Thank you all! && (!StringUtils.isEmpty(req.getPType()) ? (((Document)d.get("idmapping")).getString("ptype").equalsIgn‌oreCase(req.getPType‌())) : true)) .sorted(Comparator.comparing(Document::getPdate).reverse‌d()) .collect(Collectors.toList()); Compile Error Getting The type Document does not define getPublicationdate(T) that is applicable here, in "comparing(Document::getPdate"
Bharathiraja S almost 7 years

After adding sorted am getting below error. The type Document does not define getPdate(T) that is applicable here
M. Prokhorov almost 7 years

@pivovarit, I made example implementation that might enable sort and limit even for huge datasets, based on collector that skips elements. See my answer for details.
Trash Can almost 7 years

What is the method name in Document class that returns the pdate ?
Holger almost 7 years

Considering that contains and remove have the same complexity as add, all bearing a lookup operation, it might be better to use just if(set.add(el)) set.pollLast();, which might create a node that will be removed right afterwards, but bears only a single lookup operation and is much simpler than E tailEl = set.last(); Comparator<E> c = set.comparator(); if (c.compare(tailEl, el) <= 0) { return; } else { set.remove(tailEl); set.add(el); }…
M. Prokhorov almost 7 years

@Holger, what you suggest is entirely valid, assuming that we are OK replacing SortedSet with NavigableSet (in my example implementation we can, since TreeSet is-a NavigableSet anyway). I understand that my implementation might not be among the better approaches, and I even said that I only intend to give basic idea.
Holger almost 7 years

If you follow the usual pattern, you provide a factory method return a Collector<E,?,List<E>>, making the actual intermediate container type an implementation detail. Using methods like Collector.of in the factory method, you don’t even need to implement Collector.
M. Prokhorov almost 7 years

@Holger, Collector.of would require function factories for accumulator and combiner, that capture maxSize parameter, and pass it to extracted static methods with arity of 3 (current implementation works around by having captured a reference to this).

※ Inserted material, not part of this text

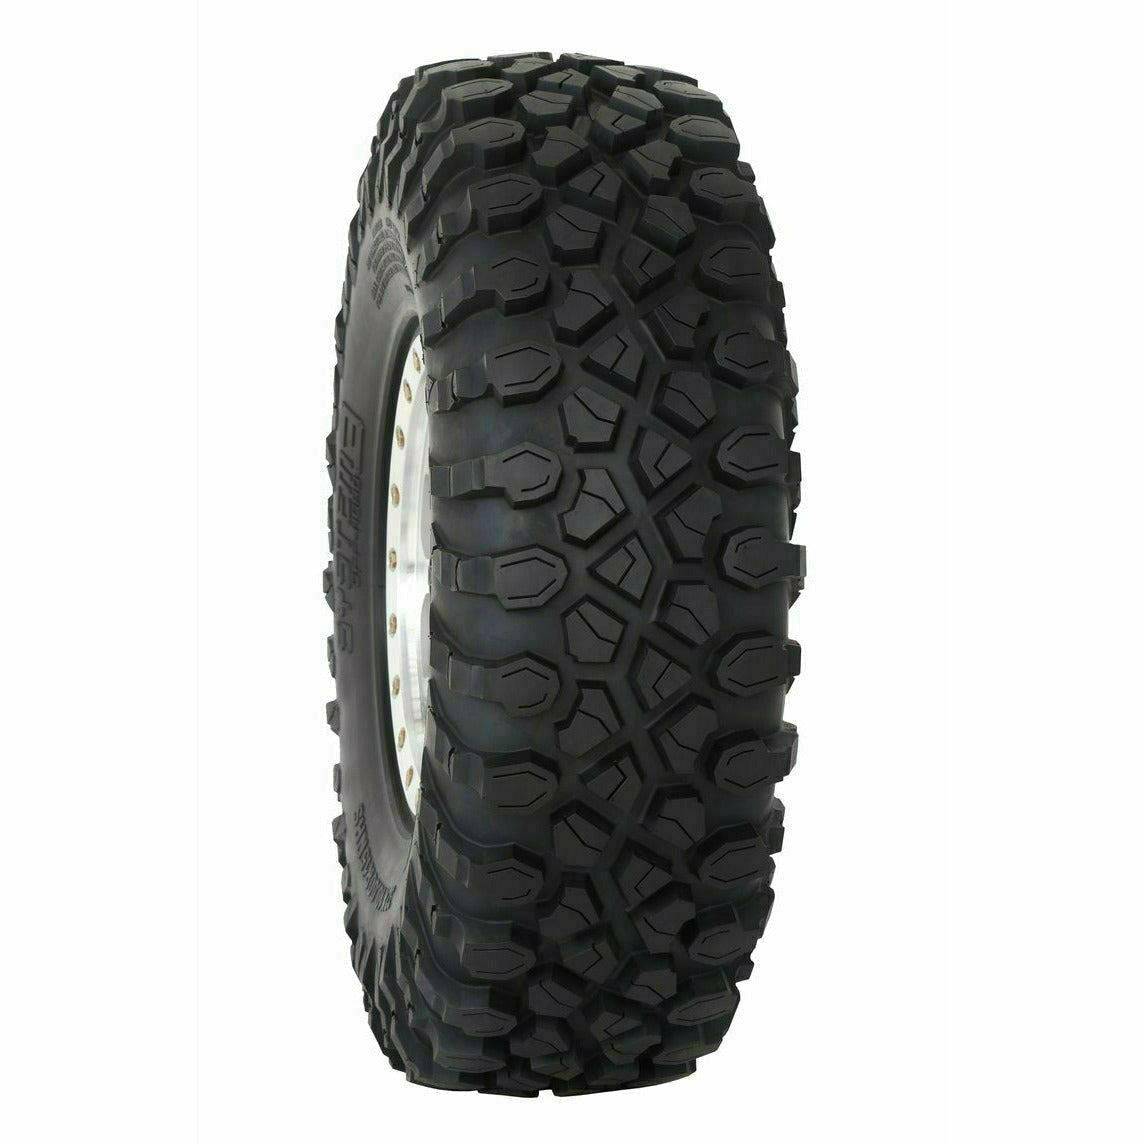 System 3 Off-Road XC450 Tire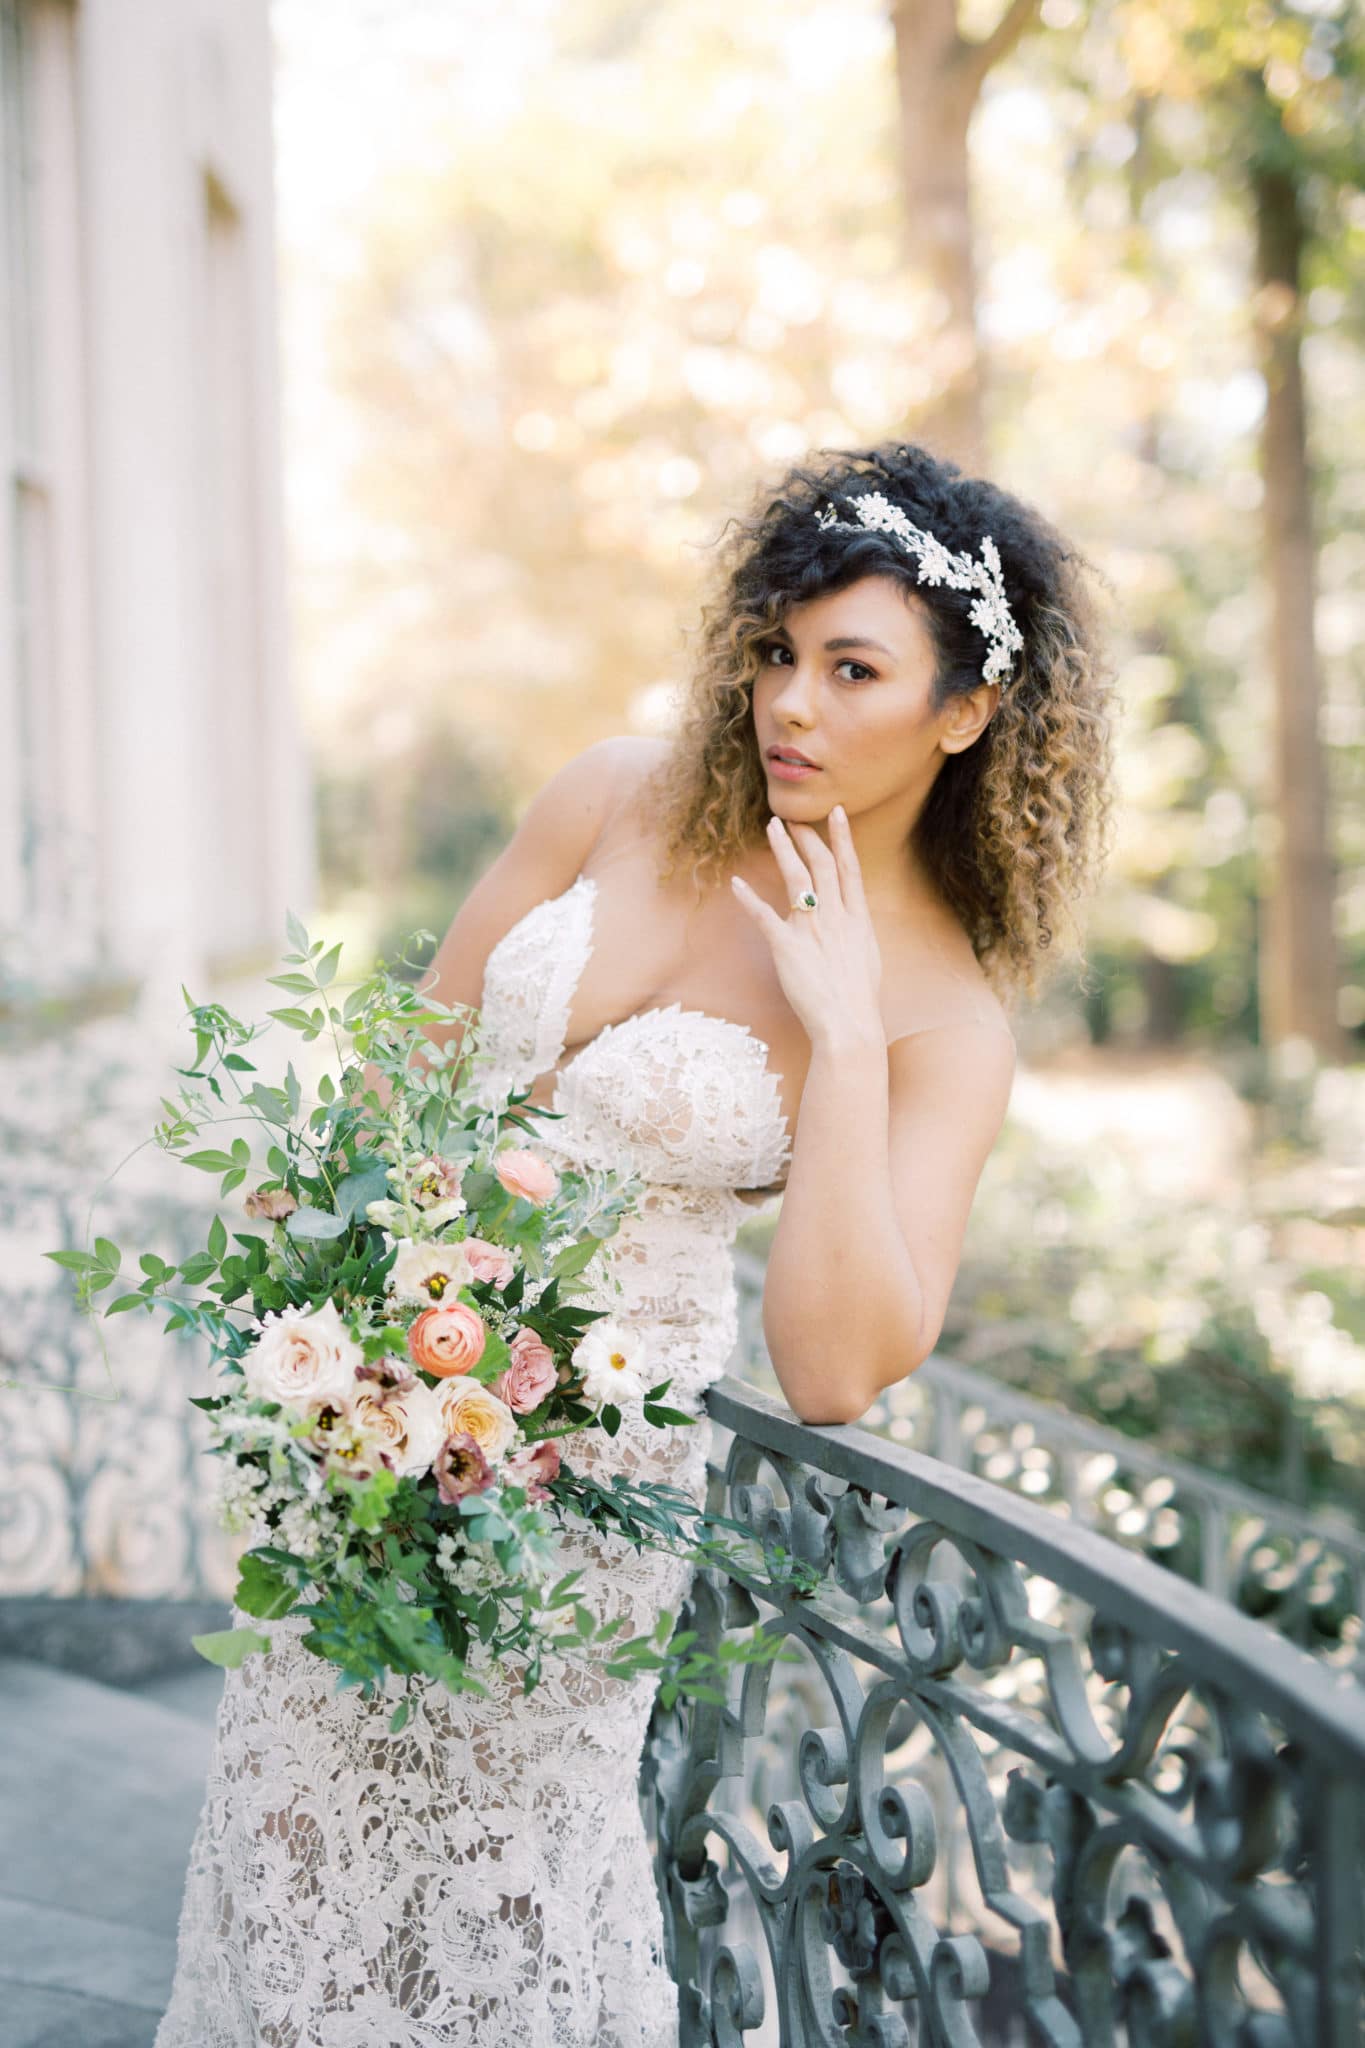 Beautiful Bride Swan House Wedding at Atlanta History Center. Flowers by The Perfect Posey. Sarah Sunstrom Photography

While this approach is generally more preferred because it allows testing things separately, I feel this would be slightly too much code for such simple answer. Good points on design though.
Holger almost 7 years

Well, the accumulator could be simplified to a single lambda expression, (set,el) -> { if(set.add(el) && set.size()>maxSize) set.pollLast(); }, likewise the combiner (set1,set2) -> { if(set1.addAll(set2)) { while(set1.size()>maxSize) set1.pollLast(); } return set1; }, indeed, they are capturing maxSize.